**Material provided**:
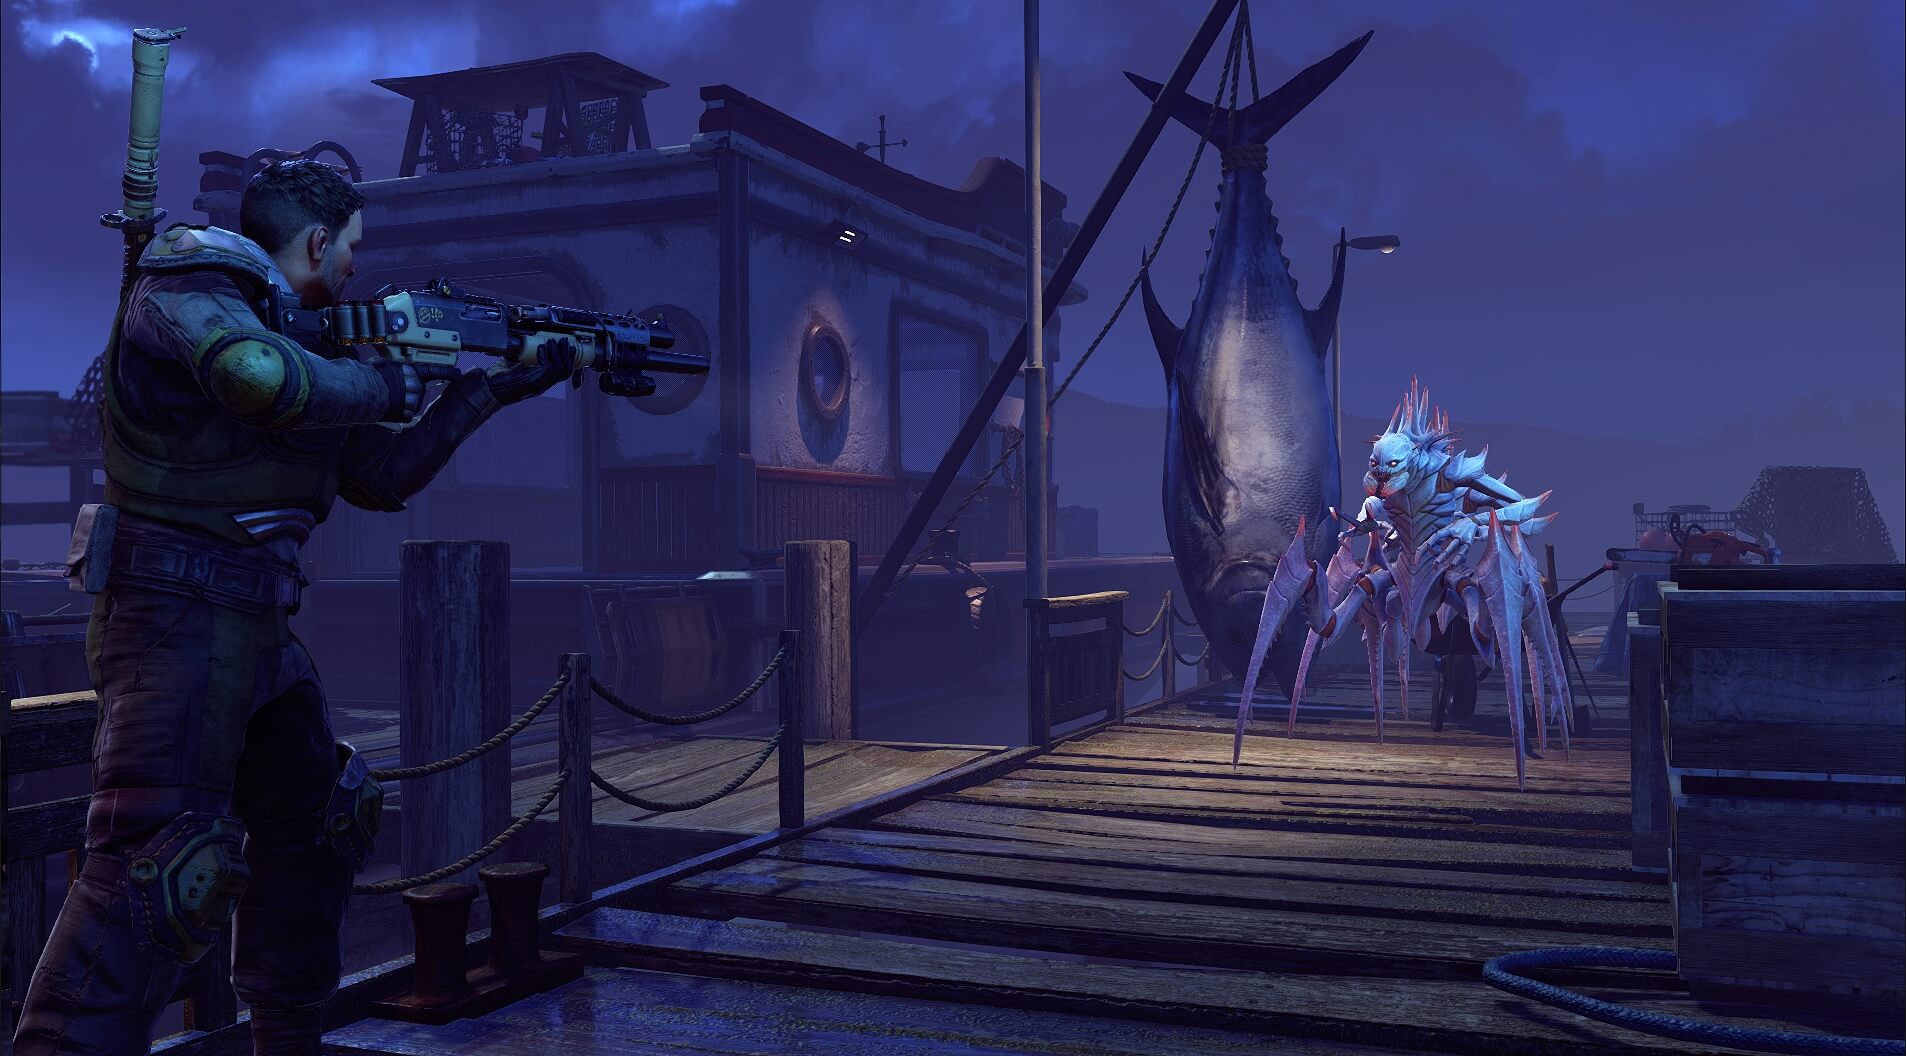 XCOM 2: War of the Chosen - Tactical Legacy Pack (ROW)
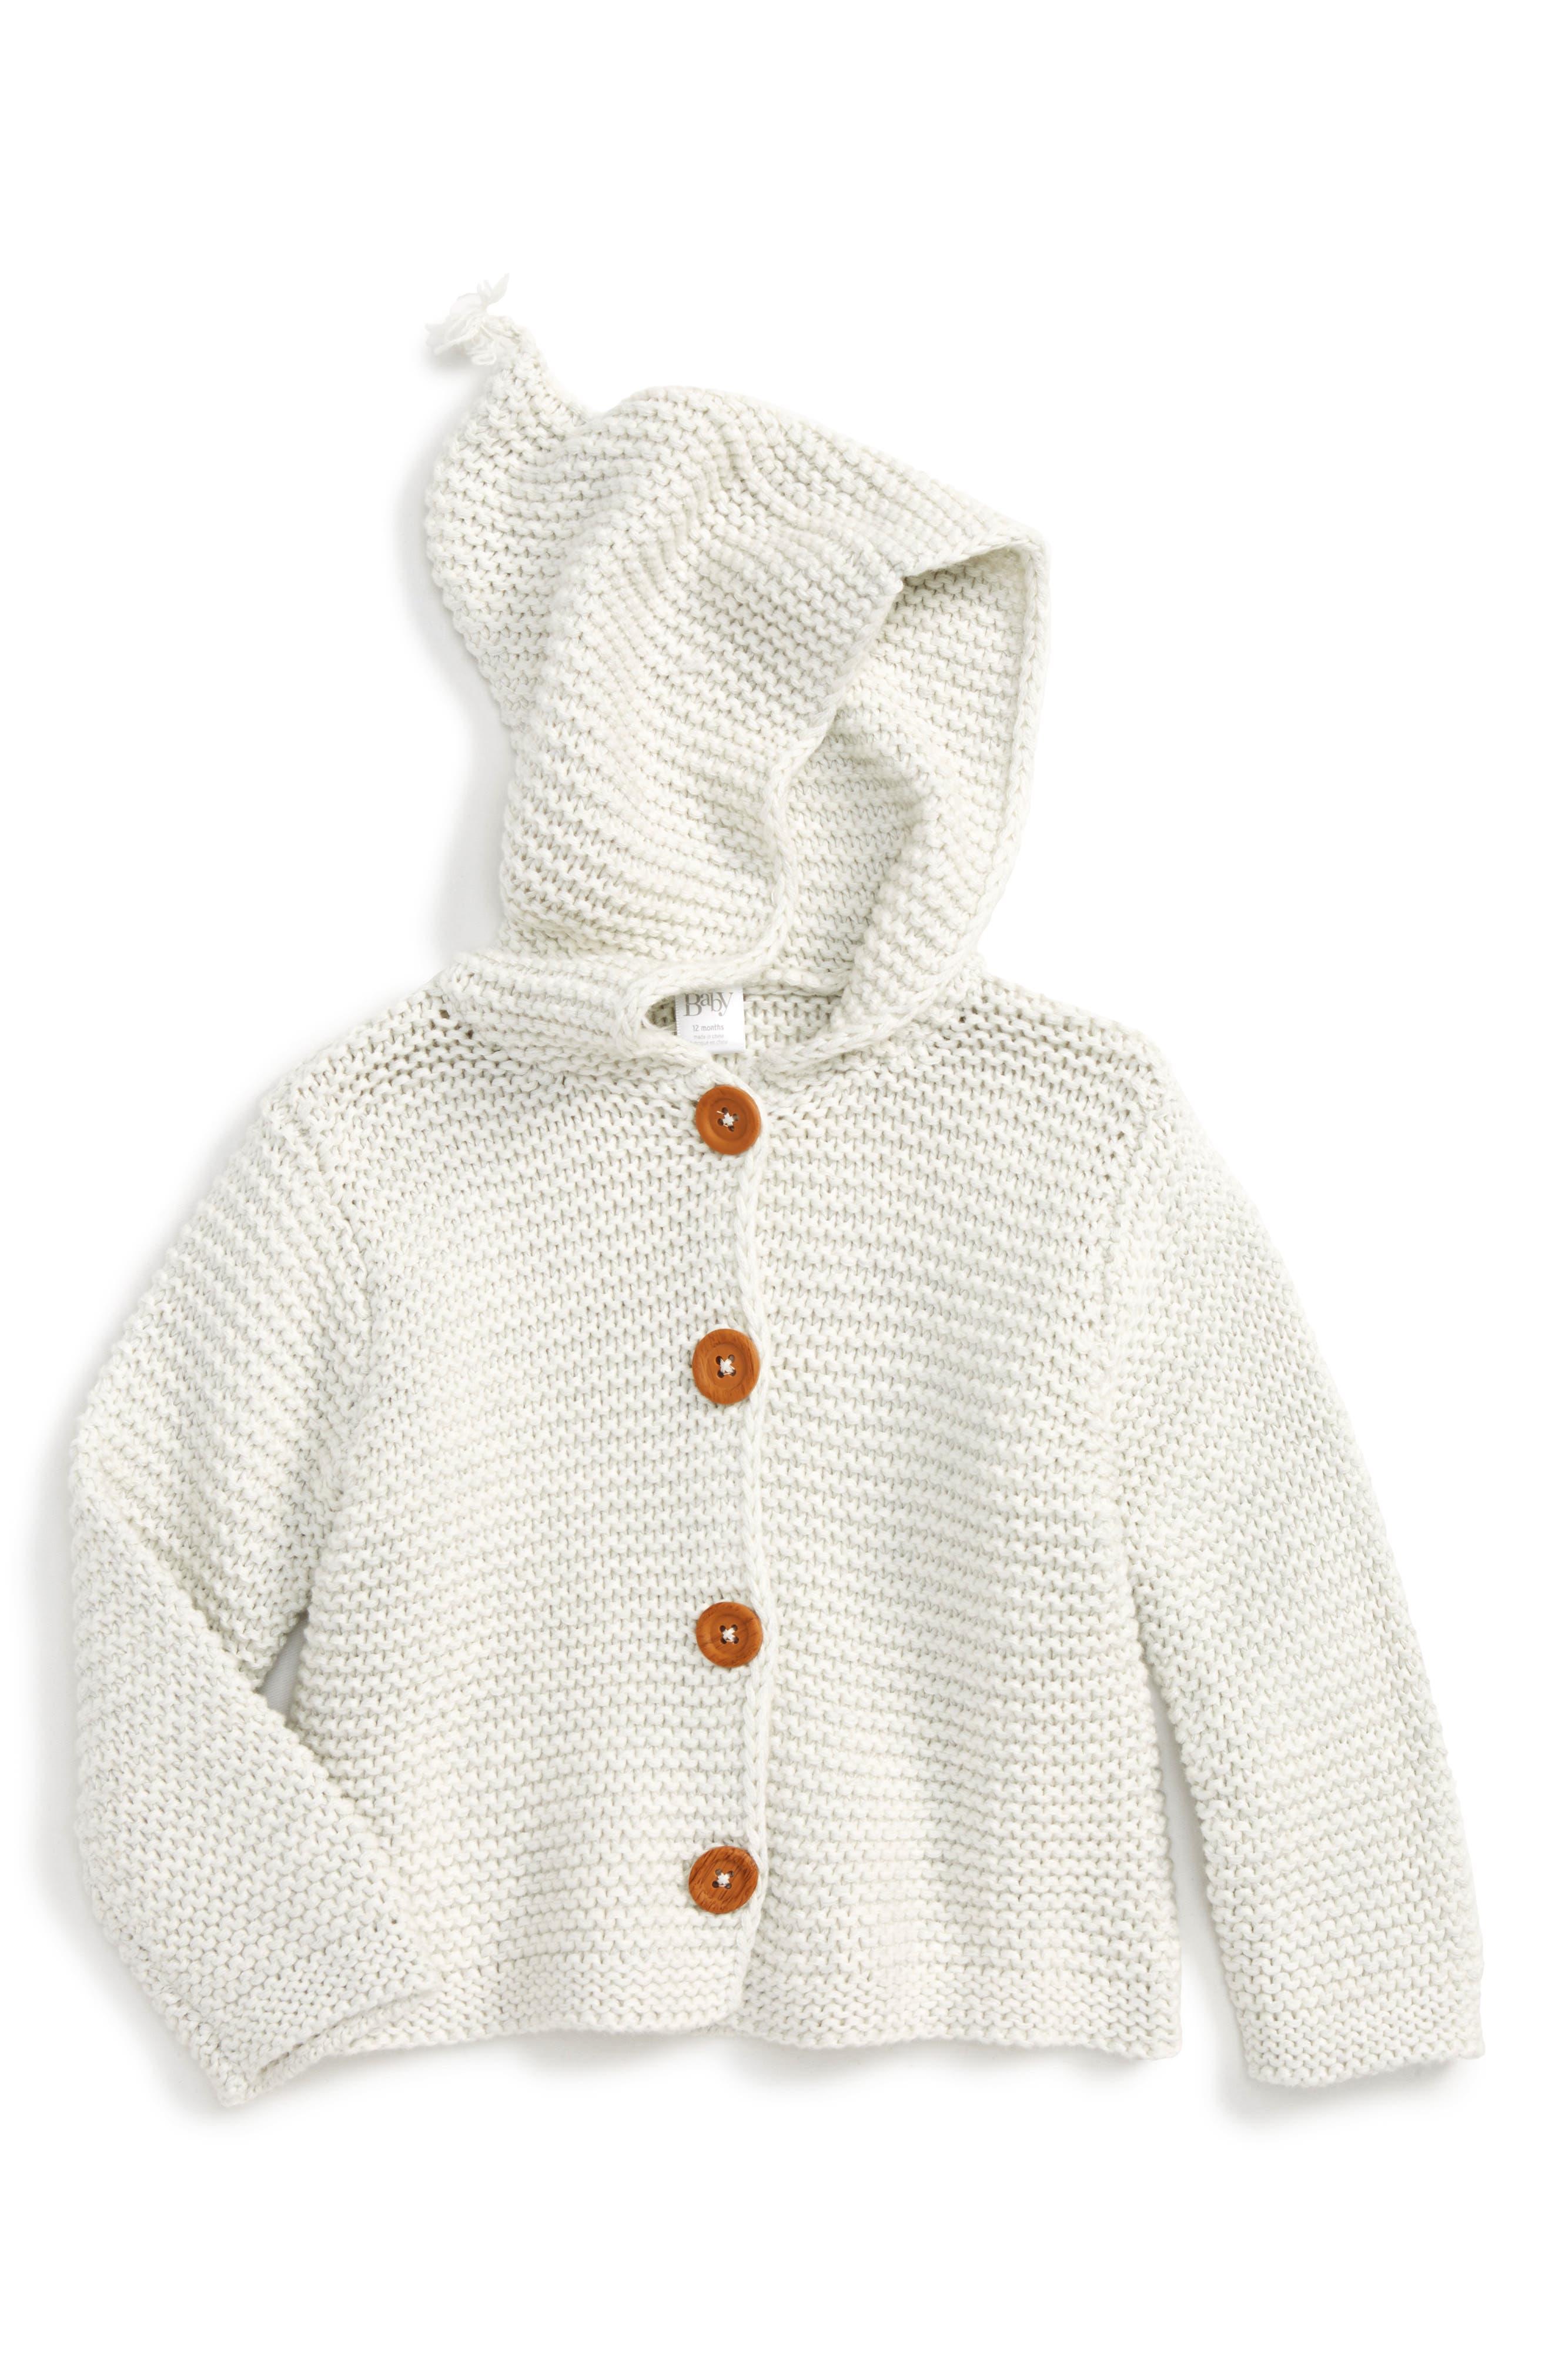 Organic Cotton Hooded Cardigan,                             Main thumbnail 1, color,                             IVORY EGRET HEATHER
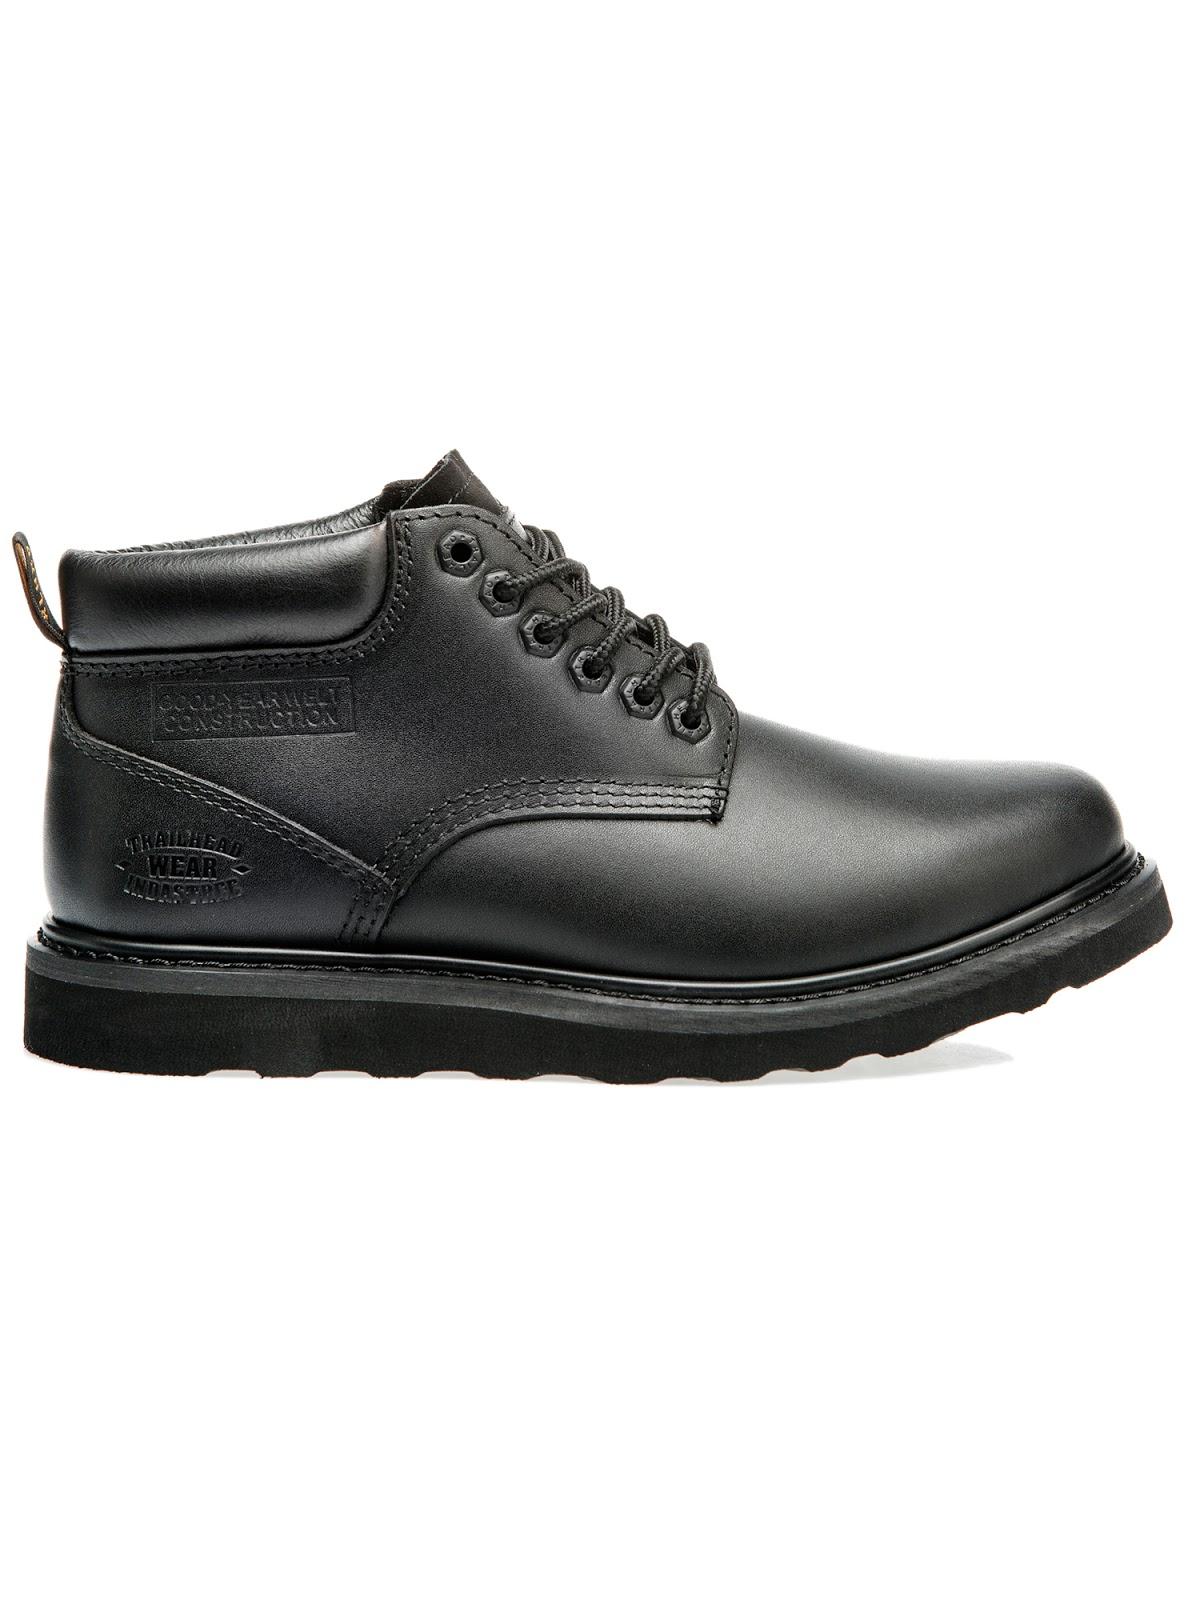 Ботинки Trailhead. 6EYE-BK e3ed4dc2eaed1

**Goal of the exercise**: Only the pictures in the listing above get left out; print everything else exactly.

**Reply**:
 XCOM 2: War of the Chosen - Tactical Legacy Pack (ROW)
 Organic Cotton Hooded Cardigan,                             Main thumbnail 1, color,                             IVORY EGRET HEATHER
 Ботинки Trailhead. 6EYE-BK e3ed4dc2eaed1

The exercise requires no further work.